Are you serious about that


----------



## goldsilverpro (May 30, 2009)

The larger units in the photo are electrolytical. They plate the silver out. 

The cylinders are essentially steel wool canisters. They cement out the silver.


----------



## goldnugget77 (May 30, 2009)

Thanks very much for your reply


----------



## goldnugget77 (Jun 2, 2009)

Hi Folks
Lets say I would like to give a service to Photofinishing Industry.

These are some methods for recovery

Metallic Replacement with Chemical Recovery Cartridges (CRCs) - CRCs are canisters containing iron filings. When the 
soluble silver found in fixer, bleach-fixer, C-41 bleach, and washless stabilizer come into contact with the filings, 
the iron dissolves and the silver settles out of the solution. To improve silver recovery, two CRCs should be placed 
in series and in conjunction with other silver recovery practices. It is important to fill the CRCs with water before 
using to extend the life of the cartridges. In addition, maintain a flow of 1-3 gallons/hour and adjust the pH of 
incoming water between 5.5 and 6.5 for efficient silver recovery.

Installing clear tubing between canisters allows operators to see if the system is removing the silver from the solution. 
Also, a "sample valve" can be installed between canisters. Samples collected can be tested with silver test paper on a 
regular basis. If high silver levels are detected in the first canister, remove the first canister, rotate the second 
canister into its position, and replace a new canister in the second canister's location.

Keeping a maintenance log will allow the processor to develop a "changeover" schedule for the CRCs.

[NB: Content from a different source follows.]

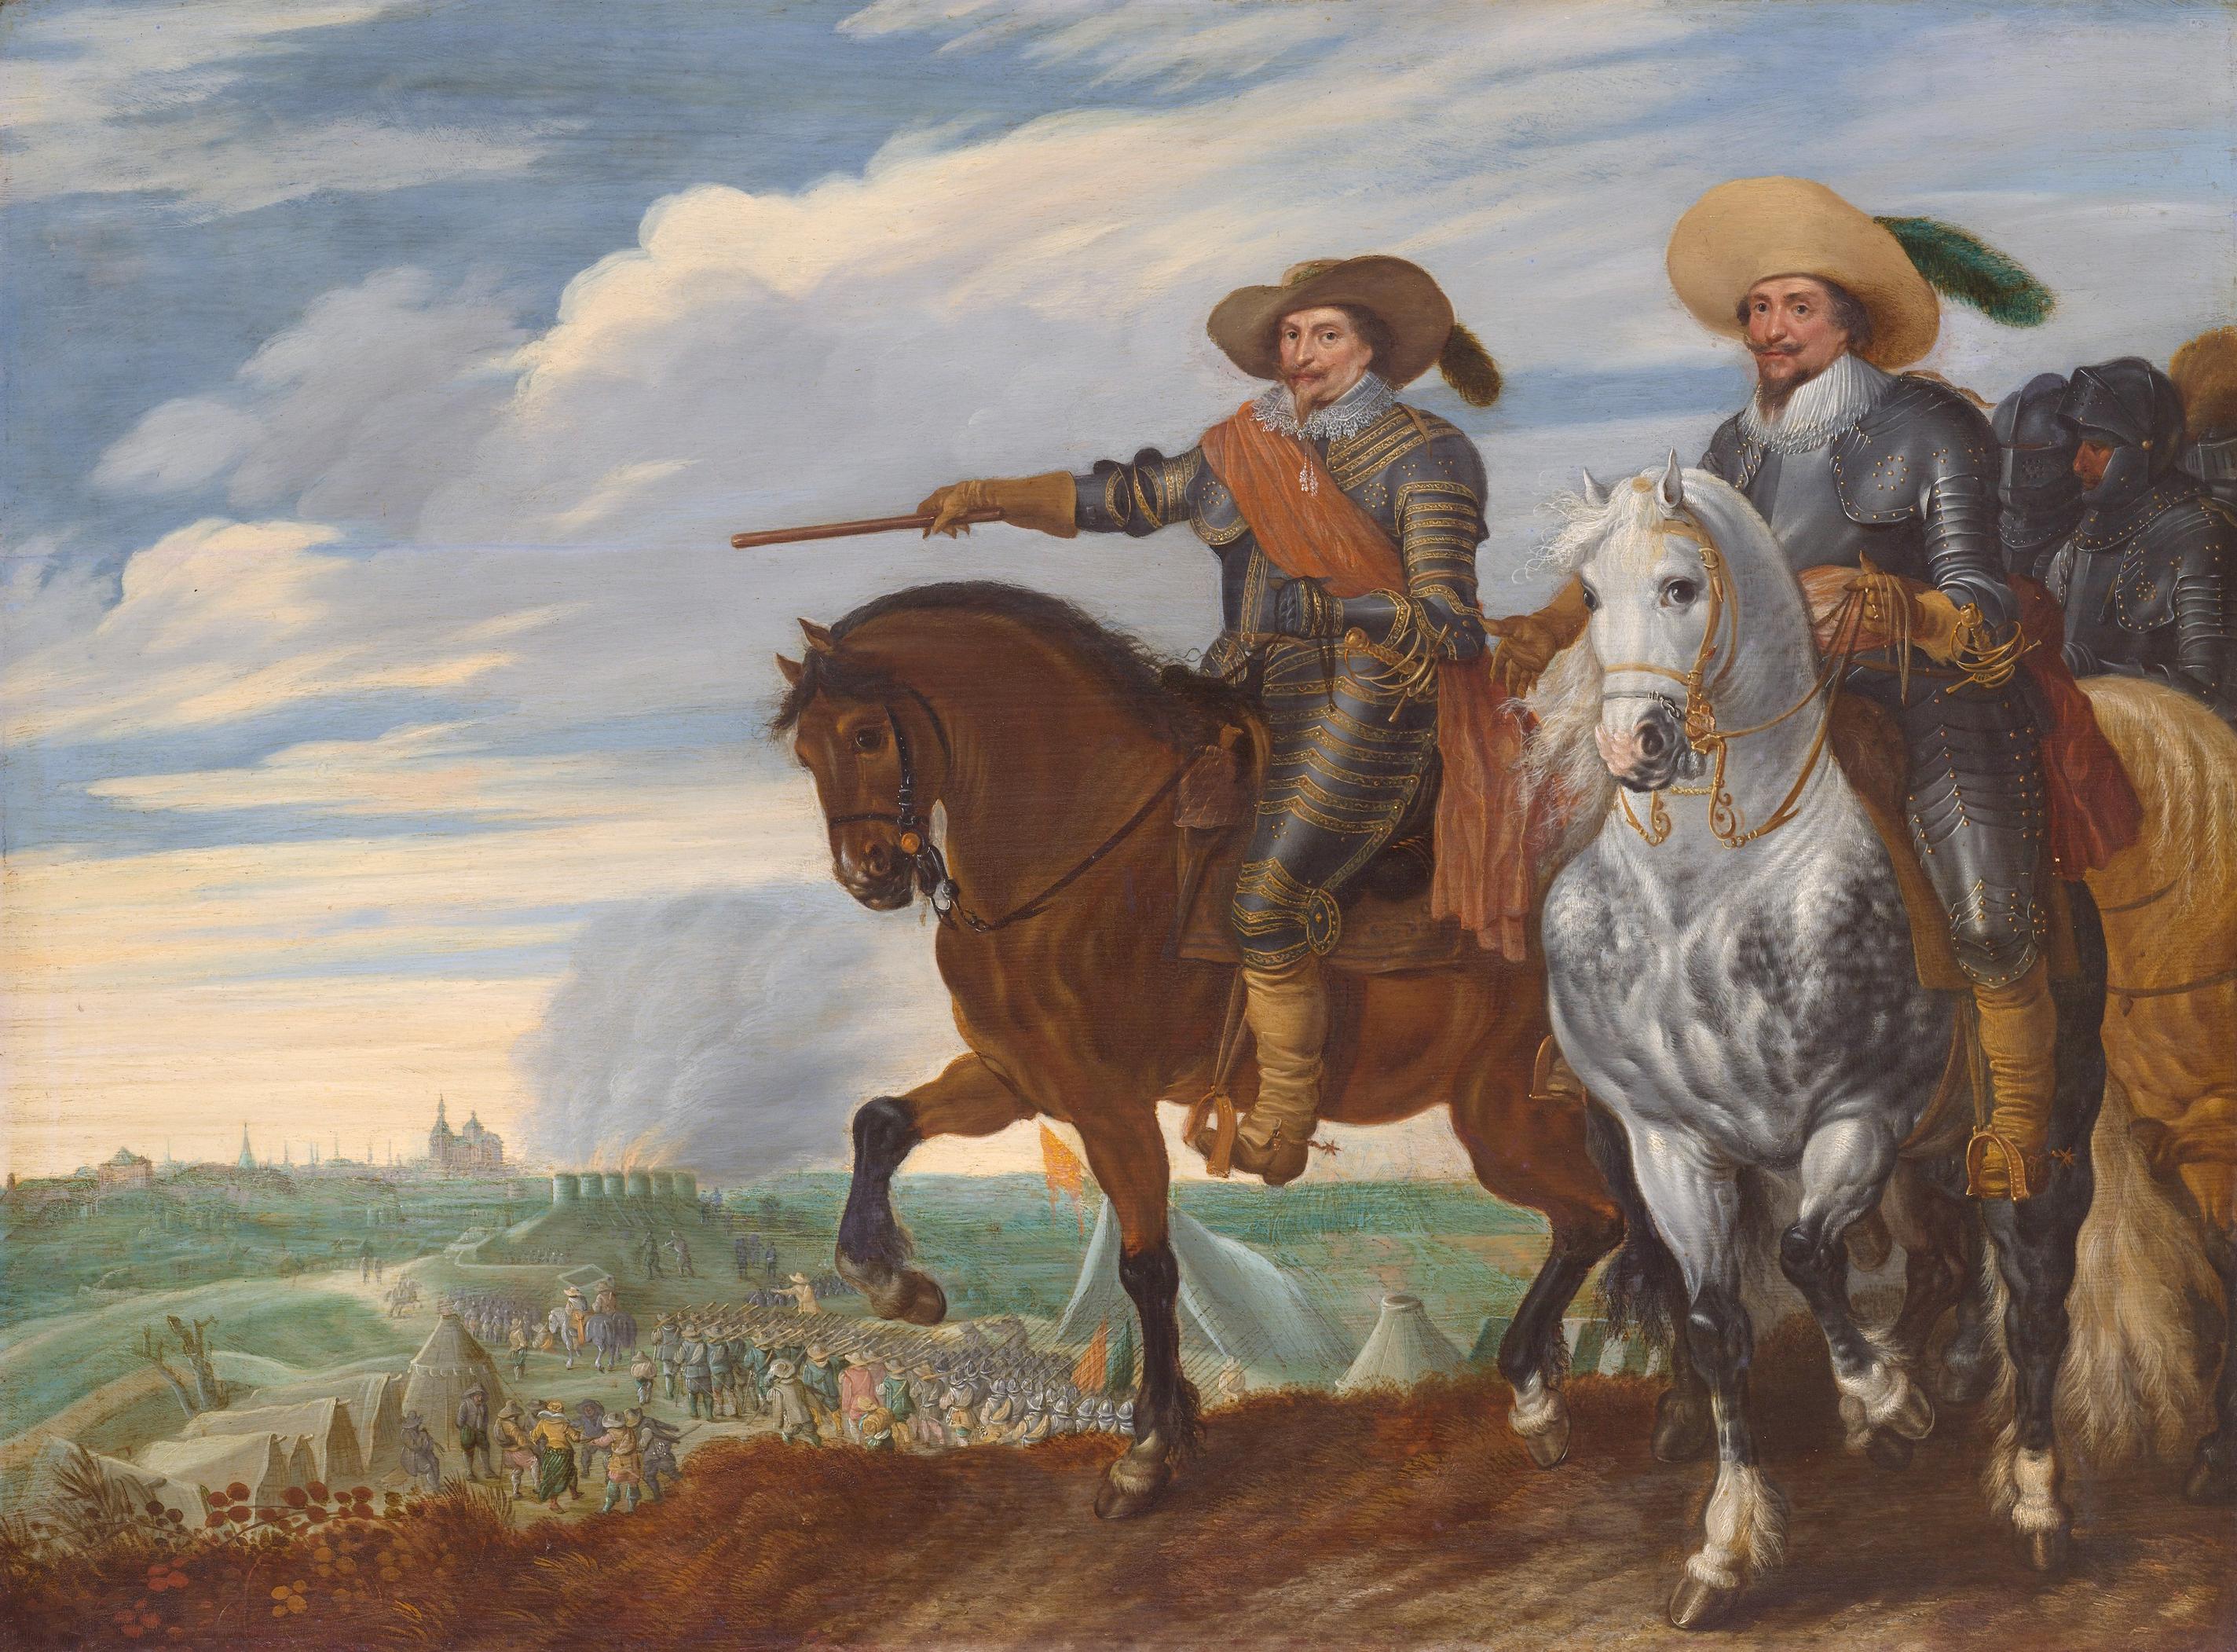 File:Prins Frederik Hendrik en graaf Ernst Casimir bij het beleg van 's-

Chemical Precipitation - Chemicals can be added to the used solution to settle out the silver. The sludge remaining can 
be collected and refined off-site.

Electrolytic Recovery - Electrolytic recovery is a common silver recovery method. A current passes between two electrodes 
that are suspended in the used fix solution to attract the silver to collect on the cathode. For efficient silver 
recovery, keep the pH levels between 7.5 and 8.

Other methods exist for silver recovery, including ion exchange, reverse osmosis, evaporation, and low flow prewash, 
but are not widely used due to problems in applying these techniques to photofinishing solutions.

What are the steps I have to take to get started

Do I buy a bucket and fill it with steel wool
I know that some are you are going to say
COME ON GIVE ME A BREAK
or something like that
A persons gotta start somewhere


----------